[[ EXERCISE INPUT, beginning ]]

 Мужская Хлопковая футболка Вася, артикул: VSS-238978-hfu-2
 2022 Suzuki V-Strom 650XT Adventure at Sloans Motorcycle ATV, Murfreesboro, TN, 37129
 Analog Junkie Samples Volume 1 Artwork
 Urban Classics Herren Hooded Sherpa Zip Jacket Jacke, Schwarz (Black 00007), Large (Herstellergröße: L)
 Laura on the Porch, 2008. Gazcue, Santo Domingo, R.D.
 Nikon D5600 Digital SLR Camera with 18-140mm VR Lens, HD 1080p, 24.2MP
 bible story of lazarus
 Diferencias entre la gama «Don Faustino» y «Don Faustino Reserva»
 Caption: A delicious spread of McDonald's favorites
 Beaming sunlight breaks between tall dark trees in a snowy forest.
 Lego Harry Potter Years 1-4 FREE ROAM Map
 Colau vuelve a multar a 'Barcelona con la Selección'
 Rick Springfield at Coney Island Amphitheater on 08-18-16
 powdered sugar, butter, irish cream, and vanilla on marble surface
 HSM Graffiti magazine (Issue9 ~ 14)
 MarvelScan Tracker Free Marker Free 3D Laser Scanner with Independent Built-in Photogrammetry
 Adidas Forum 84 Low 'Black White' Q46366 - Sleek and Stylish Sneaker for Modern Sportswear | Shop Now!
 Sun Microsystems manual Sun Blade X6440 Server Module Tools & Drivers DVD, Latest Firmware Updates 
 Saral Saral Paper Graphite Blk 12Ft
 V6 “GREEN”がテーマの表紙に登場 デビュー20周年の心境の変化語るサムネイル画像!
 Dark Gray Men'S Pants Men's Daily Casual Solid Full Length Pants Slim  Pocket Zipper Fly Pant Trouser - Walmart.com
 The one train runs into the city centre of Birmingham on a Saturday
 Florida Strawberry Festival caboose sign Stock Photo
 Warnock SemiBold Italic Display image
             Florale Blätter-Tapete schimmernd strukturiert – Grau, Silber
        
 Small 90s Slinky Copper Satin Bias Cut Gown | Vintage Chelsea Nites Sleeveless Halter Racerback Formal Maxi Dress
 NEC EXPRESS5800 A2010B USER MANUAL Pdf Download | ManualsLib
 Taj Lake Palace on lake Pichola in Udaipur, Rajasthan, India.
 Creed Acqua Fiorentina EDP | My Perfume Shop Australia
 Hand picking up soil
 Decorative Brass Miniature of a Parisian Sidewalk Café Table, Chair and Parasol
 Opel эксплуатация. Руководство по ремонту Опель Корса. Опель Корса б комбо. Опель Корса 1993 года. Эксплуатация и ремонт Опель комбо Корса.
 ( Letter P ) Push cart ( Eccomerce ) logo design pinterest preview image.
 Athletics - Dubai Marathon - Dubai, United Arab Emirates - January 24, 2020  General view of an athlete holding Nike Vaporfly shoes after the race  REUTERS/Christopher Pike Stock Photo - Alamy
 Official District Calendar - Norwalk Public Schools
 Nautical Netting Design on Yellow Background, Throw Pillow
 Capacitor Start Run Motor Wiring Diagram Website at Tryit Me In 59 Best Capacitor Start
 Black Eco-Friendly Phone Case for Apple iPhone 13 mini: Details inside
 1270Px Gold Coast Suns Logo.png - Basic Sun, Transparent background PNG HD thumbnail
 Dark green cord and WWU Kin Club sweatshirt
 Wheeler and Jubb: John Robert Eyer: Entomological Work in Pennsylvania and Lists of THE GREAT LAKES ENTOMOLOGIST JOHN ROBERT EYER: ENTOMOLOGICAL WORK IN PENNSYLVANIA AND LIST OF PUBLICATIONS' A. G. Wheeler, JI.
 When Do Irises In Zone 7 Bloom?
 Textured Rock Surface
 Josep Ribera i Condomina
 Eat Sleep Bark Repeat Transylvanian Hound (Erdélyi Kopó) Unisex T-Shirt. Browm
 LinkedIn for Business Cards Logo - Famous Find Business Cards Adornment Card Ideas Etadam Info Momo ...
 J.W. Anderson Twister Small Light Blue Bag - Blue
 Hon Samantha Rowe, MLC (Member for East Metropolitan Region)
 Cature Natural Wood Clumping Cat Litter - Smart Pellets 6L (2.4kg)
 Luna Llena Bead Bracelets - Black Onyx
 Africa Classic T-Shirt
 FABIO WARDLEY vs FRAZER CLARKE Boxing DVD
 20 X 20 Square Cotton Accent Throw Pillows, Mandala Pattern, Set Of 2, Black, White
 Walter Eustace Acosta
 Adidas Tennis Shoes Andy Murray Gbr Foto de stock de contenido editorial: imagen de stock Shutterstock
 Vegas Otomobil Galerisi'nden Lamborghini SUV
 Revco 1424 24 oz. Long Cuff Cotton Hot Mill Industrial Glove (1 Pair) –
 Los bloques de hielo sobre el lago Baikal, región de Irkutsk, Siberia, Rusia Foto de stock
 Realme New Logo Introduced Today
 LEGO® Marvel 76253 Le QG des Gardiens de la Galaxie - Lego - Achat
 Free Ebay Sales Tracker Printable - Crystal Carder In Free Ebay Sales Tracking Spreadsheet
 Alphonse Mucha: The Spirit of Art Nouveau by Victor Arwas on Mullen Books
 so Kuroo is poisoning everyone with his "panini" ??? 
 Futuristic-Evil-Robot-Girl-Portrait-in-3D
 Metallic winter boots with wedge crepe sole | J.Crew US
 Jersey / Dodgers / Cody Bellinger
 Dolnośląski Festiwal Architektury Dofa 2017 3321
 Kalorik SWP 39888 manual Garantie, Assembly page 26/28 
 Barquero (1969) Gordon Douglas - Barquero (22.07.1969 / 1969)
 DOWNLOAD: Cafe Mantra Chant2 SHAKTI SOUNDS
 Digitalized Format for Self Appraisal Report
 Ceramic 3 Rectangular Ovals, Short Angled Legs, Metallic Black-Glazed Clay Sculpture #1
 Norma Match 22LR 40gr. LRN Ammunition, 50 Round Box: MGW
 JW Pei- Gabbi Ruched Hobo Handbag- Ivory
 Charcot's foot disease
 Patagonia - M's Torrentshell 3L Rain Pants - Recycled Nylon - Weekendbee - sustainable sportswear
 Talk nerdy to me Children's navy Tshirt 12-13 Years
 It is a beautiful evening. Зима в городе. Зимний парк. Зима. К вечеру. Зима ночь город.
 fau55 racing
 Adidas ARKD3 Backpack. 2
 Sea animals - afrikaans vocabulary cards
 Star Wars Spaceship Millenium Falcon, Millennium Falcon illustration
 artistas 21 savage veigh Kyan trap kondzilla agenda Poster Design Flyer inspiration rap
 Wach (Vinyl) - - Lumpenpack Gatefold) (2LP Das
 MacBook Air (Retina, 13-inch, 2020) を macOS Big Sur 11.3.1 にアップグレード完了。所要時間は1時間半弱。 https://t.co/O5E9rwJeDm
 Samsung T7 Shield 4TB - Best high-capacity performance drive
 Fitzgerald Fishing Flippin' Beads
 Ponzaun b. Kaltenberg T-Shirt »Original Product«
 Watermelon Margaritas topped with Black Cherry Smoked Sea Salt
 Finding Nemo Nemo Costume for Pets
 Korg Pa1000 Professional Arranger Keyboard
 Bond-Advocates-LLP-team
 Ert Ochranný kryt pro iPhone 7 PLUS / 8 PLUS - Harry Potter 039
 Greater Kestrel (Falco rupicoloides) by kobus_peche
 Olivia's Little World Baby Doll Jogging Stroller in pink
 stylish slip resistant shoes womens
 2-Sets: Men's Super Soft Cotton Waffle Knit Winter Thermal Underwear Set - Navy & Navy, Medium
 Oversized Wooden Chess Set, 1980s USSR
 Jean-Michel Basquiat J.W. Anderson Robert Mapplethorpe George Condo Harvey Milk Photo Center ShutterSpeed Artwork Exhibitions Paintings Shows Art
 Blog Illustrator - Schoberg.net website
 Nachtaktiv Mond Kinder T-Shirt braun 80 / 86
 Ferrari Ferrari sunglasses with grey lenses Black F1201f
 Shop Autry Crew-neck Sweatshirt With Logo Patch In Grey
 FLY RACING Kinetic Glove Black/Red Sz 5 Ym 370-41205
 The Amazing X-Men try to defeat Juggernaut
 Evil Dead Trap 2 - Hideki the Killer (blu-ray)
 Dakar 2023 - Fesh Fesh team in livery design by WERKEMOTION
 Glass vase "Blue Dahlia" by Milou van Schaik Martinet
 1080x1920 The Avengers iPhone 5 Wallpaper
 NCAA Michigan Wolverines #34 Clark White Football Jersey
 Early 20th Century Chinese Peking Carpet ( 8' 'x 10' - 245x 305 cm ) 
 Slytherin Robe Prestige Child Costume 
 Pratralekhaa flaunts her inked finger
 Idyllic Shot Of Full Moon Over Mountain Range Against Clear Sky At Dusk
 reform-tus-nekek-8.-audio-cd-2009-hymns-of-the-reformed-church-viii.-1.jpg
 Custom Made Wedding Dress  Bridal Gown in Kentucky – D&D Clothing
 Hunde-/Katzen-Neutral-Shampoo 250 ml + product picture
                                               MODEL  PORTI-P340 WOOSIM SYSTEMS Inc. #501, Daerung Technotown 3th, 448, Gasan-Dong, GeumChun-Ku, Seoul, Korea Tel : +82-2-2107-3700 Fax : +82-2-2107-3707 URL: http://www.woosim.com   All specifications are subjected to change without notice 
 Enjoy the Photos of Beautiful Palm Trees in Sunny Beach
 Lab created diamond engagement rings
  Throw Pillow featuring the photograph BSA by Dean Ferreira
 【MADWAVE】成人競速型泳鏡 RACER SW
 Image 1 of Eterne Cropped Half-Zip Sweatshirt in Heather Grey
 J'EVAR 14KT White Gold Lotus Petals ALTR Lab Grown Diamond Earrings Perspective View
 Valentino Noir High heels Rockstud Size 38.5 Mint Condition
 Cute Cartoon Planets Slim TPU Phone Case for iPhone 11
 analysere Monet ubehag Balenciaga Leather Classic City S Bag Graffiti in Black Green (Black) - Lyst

[[ EXERCISE INPUT, end ]]

§ WHAT THE TASK REQUIRES:
For the material above, reproduce exactly the lines from the line with "Enjoy the Photos" to the line with "Image 1 of Eterne", inclusive, and exclude all others.

§ WRITTEN REPLY:
 Enjoy the Photos of Beautiful Palm Trees in Sunny Beach
 Lab created diamond engagement rings
  Throw Pillow featuring the photograph BSA by Dean Ferreira
 【MADWAVE】成人競速型泳鏡 RACER SW
 Image 1 of Eterne Cropped Half-Zip Sweatshirt in Heather Grey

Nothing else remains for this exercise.